In comments made to Axios Thursday, Gomez—the lone Democrat on the five-member panel—said that the Trump administration was "weaponizing its licensing authority in order to bring broadcasters to heel," as part of a "campaign of censorship and control."
National news networks like ABC, CBS, and NBC do not have broadcasting licenses approved by the FCC, nor do cable networks like CNN, MSNBC, or Fox News. The licenses threatened by Carr are for local affiliates, which—despite having the branding of the big networks—are owned by less well-known companies like Nexstar Media Group and the Sinclair Broadcasting Group, both of which pushed in favor of ABC's decision to ax Kimmel.

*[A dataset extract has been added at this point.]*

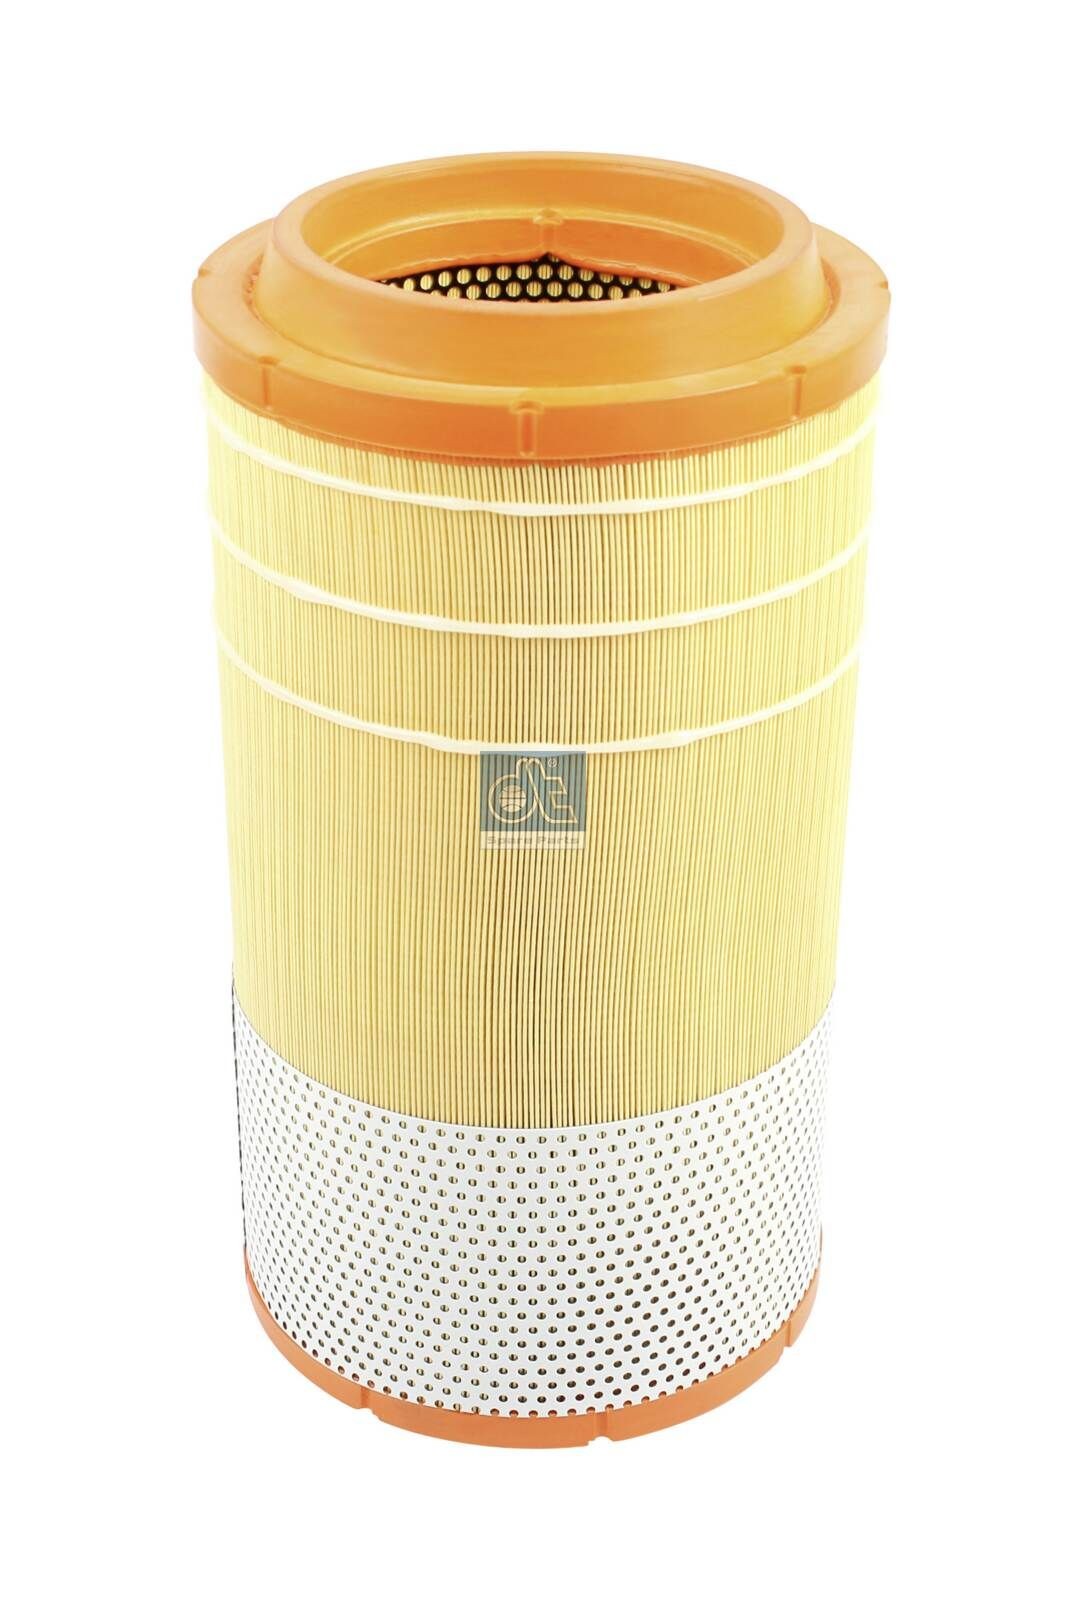 DT Spare Parts 3.18524 Air filter 478mm, 251mm, Filter Insert

Gomez said that with Trump's intimidation of broadcasters, the "threat is the point."
"It is a very hard standard to meet to revoke a license, which is why it's so rarely done, but broadcast license to the broadcasters are extremely valuable," she said. "And so they don't want to be dragged before the FCC either in order to answer to an enforcement complaint of some kind or under the threat of possible revocation."
Democratic lawmakers are vowing to investigate the Trump administration's pressure campaign that may have led to ABC deciding to indefinitely suspend late-night talk show host Jimmy Kimmel.
Rep. Ro Khanna (D-Calif.) announced on Thursday that he filed a motion to subpoena Federal Communications Commission (FCC) Chairman Brendan Carr one day after he publicly warned ABC of negative consequences if the network kept Kimmel on the air.
"Enough of Congress sleepwalking while [President Donald] Trump and [Vice President JD] Vance shred the First Amendment and Constitution," Khanna declared. "It is time for Congress to stand up for Article I."
Rep. Robert Garcia (D-Calif.), the ranking member of the House Oversight Committee, also said on Thursday that he was opening an investigation into the potential financial aspects of Carr's pressure campaign on ABC, including the involvement of Sinclair Broadcasting Group, which is the network's largest affiliate and is currently involved in merger talks that will need FCC approval.
"The Oversight Committee is launching an investigation into ABC, Sinclair, and the FCC," he said. "We will not be intimidated and we will defend the First Amendment."
Progressive politicians weren't the only ones launching an investigation into the Kimmel controversy, as legal organization Democracy Forward announced that it's filed a a Freedom of Information Act request for records after January 20, 2025 related to any FCC efforts “to use the agency’s licensing and enforcement powers to police and limit speech and influence what the public can watch and hear.”